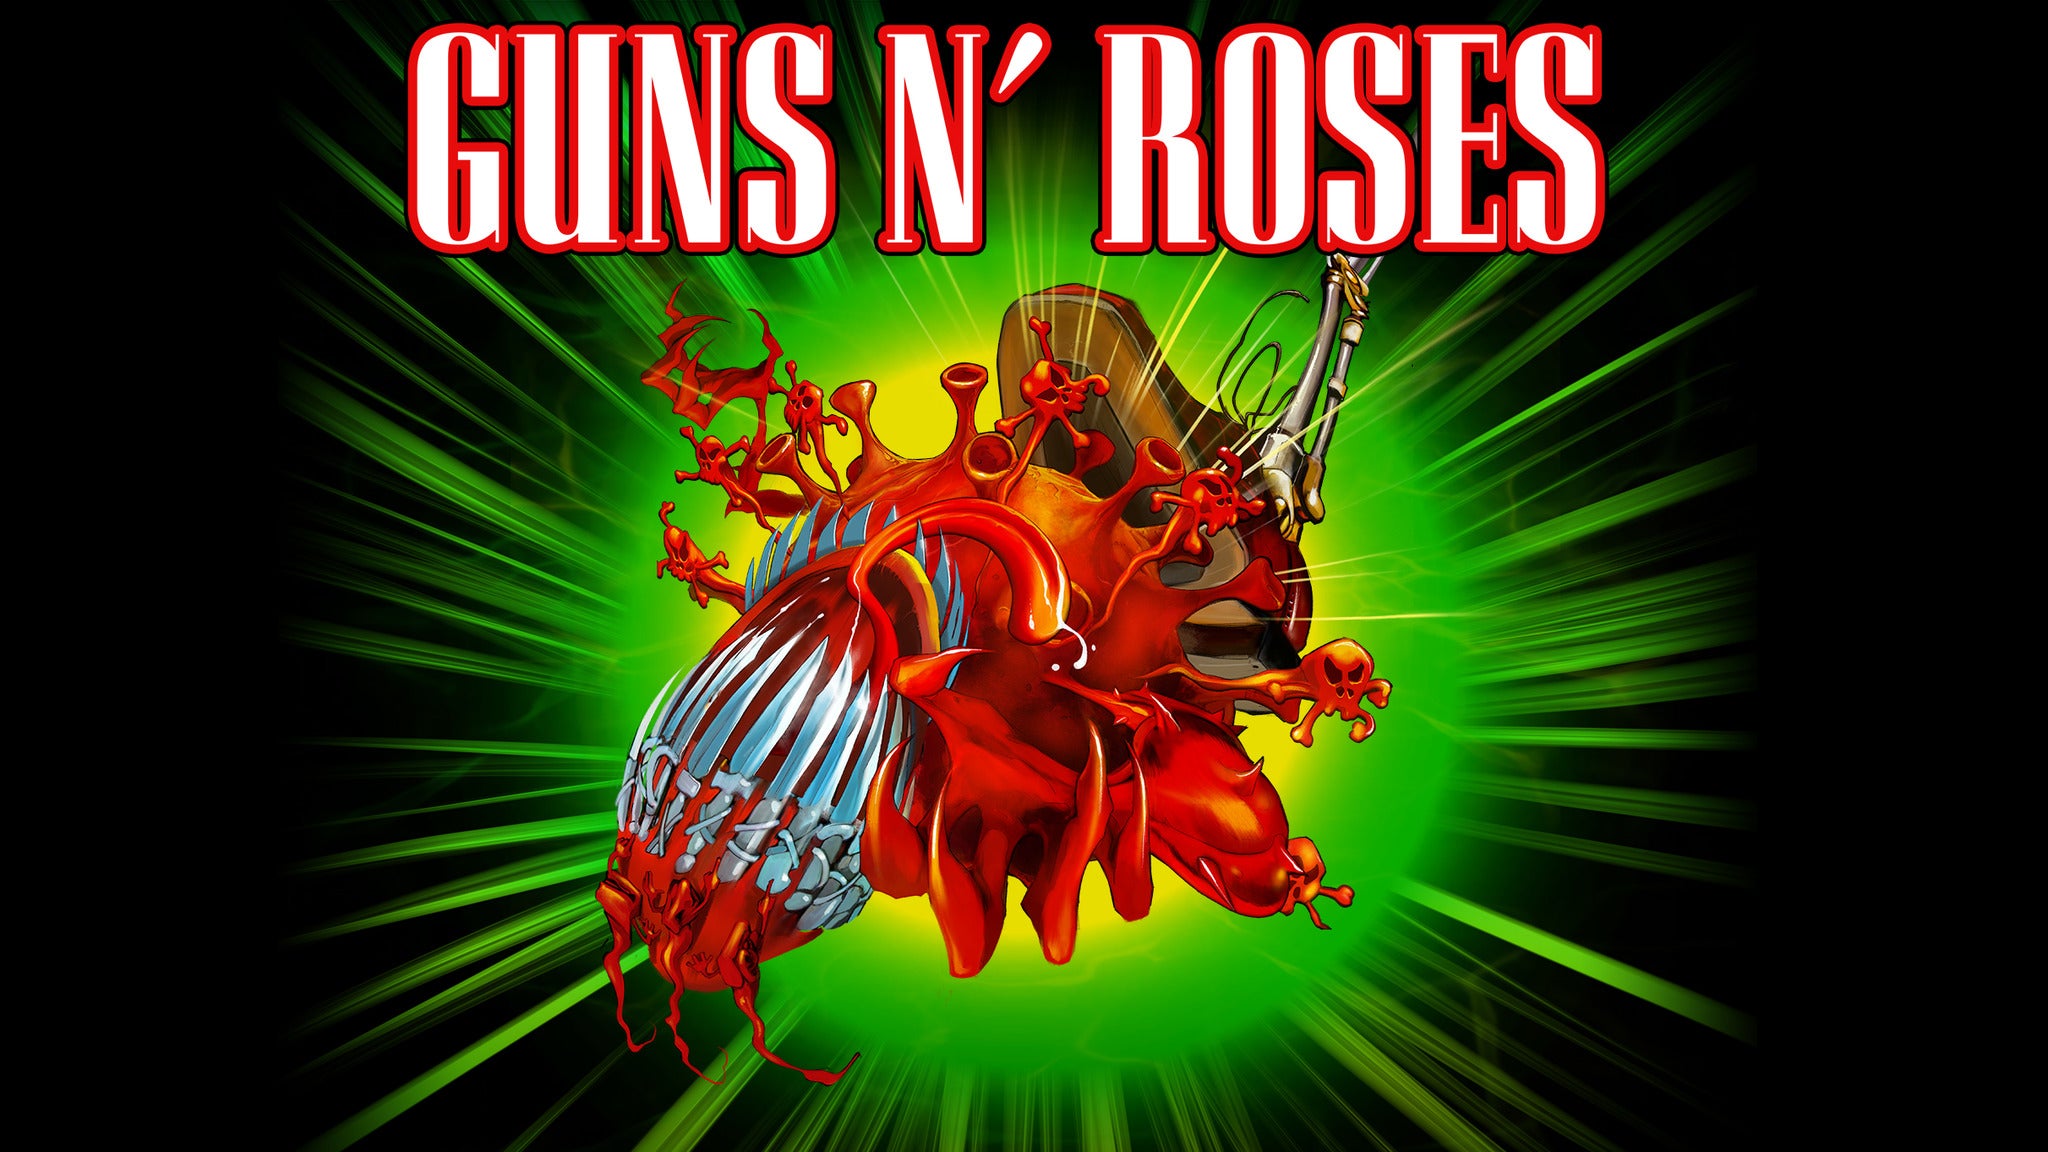 Guns N' Roses 2021 Tour presale code for early tickets in Baltimore
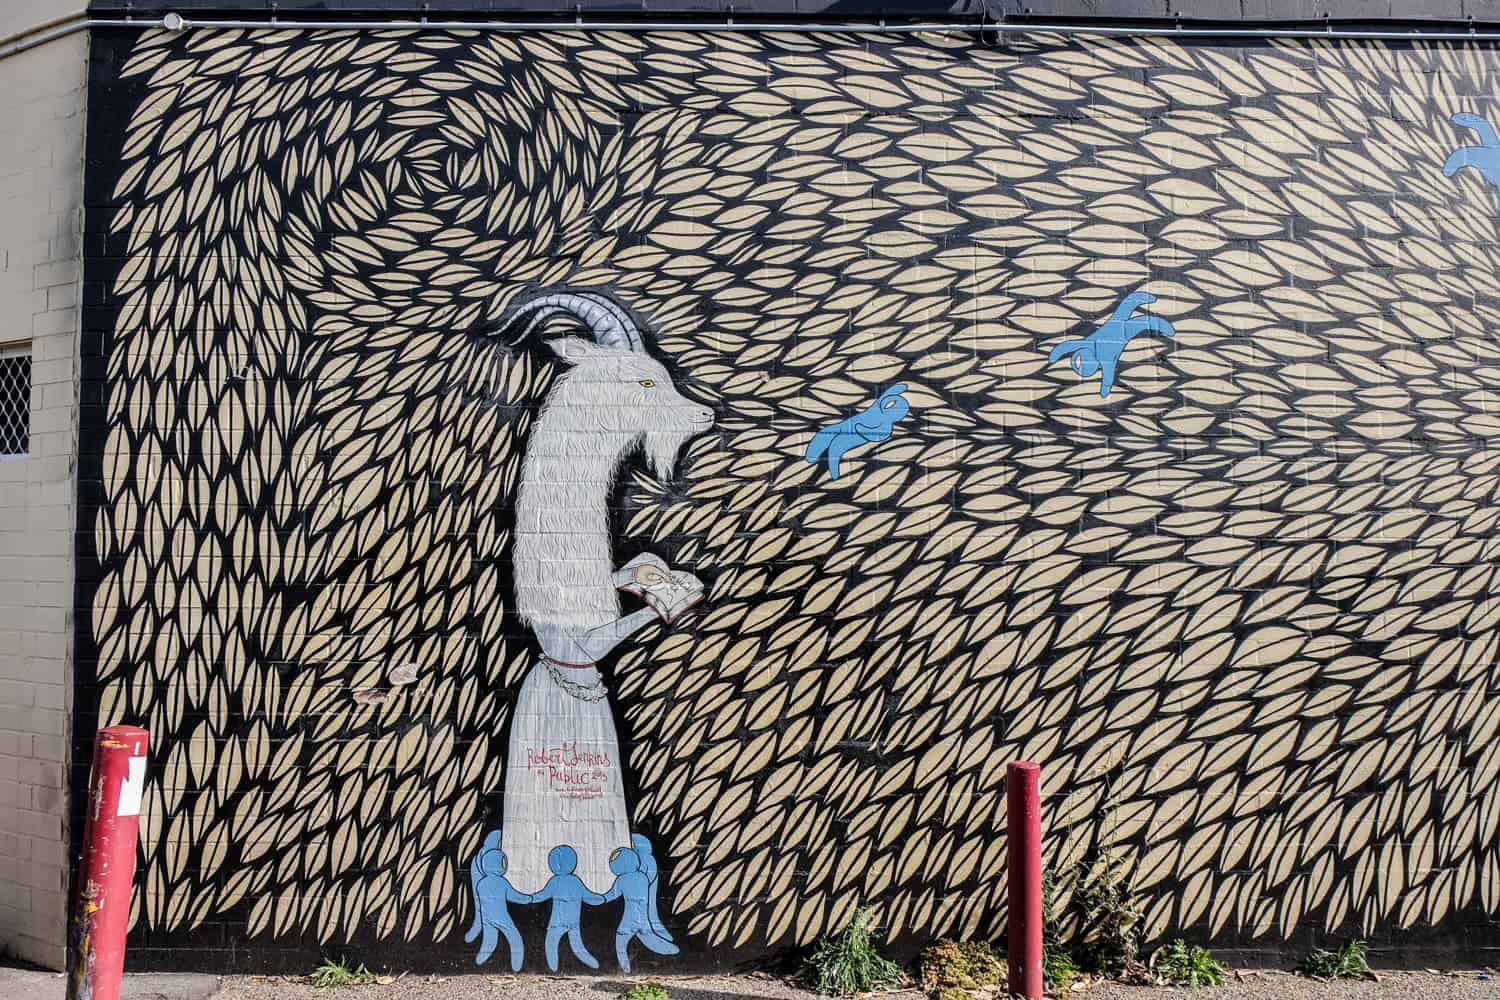 Street art of a goat with small blue human figures in Leederville, Perth
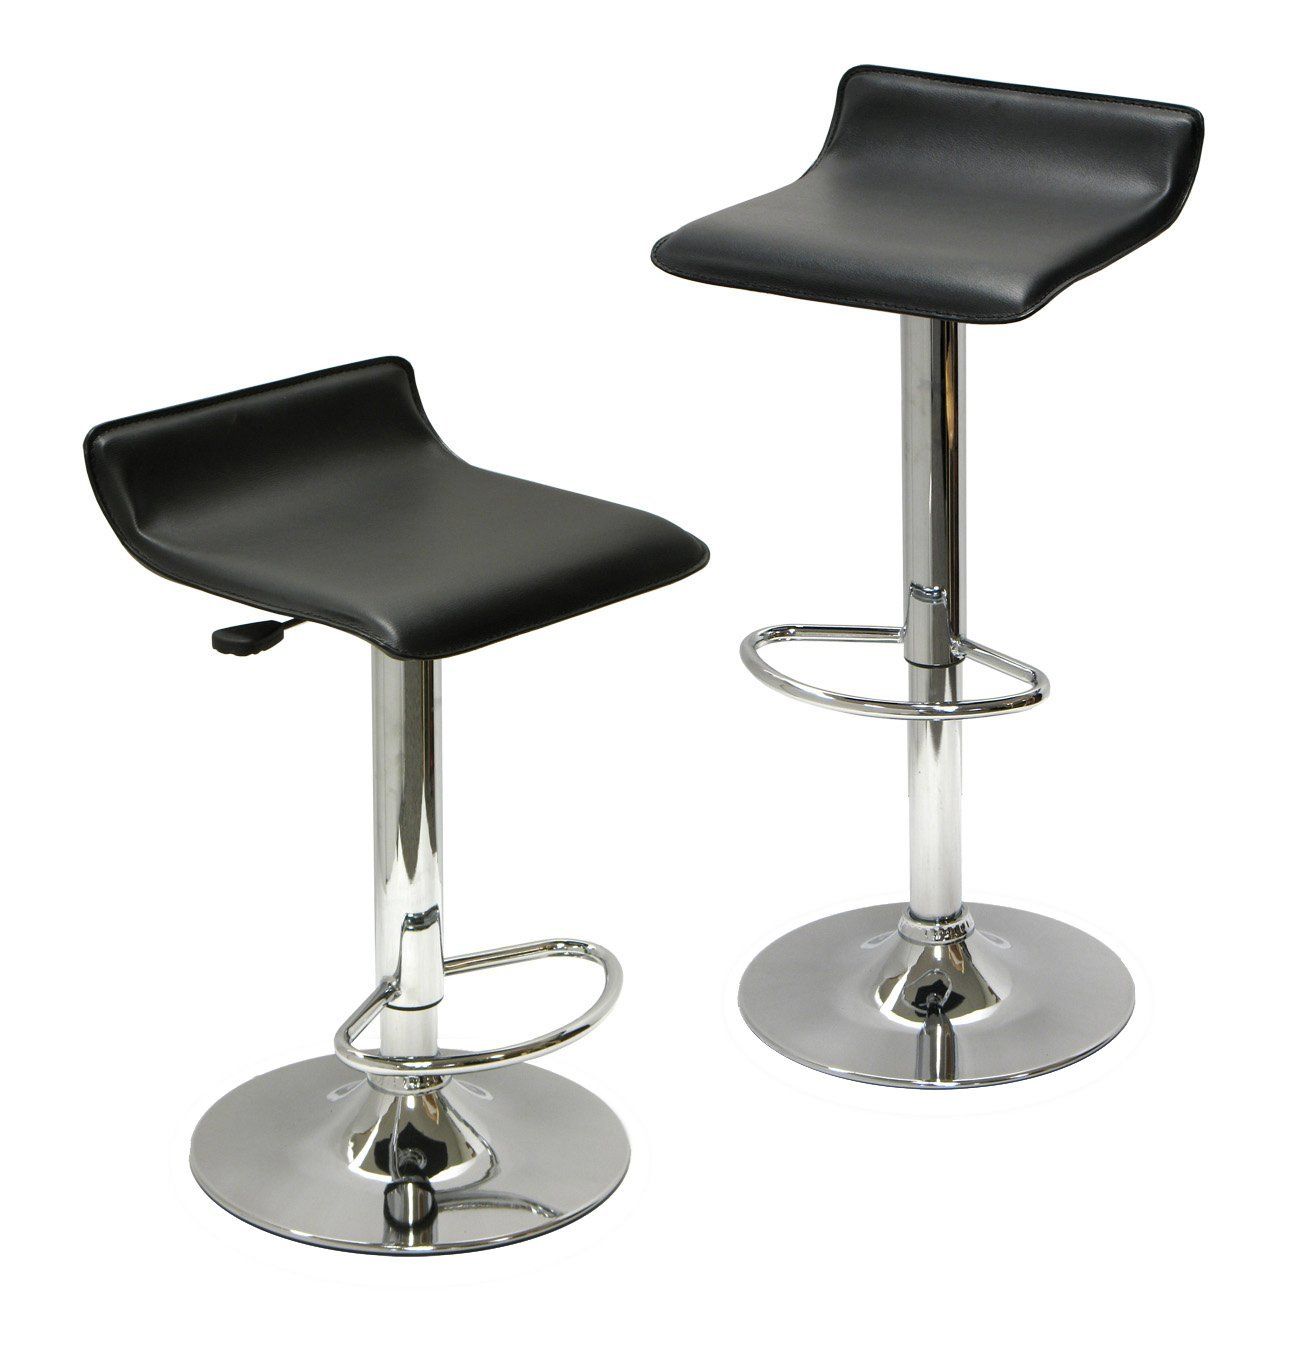 Winsome Wood Air Lift Adjustable Stools
----------
* Work request: Return each line above exactly; any pictures are to be skipped.

* Output of the exercise:
 Guns N' Roses 2021 Tour presale code for early tickets in Baltimore
 Street art of a goat with small blue human figures in Leederville, Perth
 Winsome Wood Air Lift Adjustable Stools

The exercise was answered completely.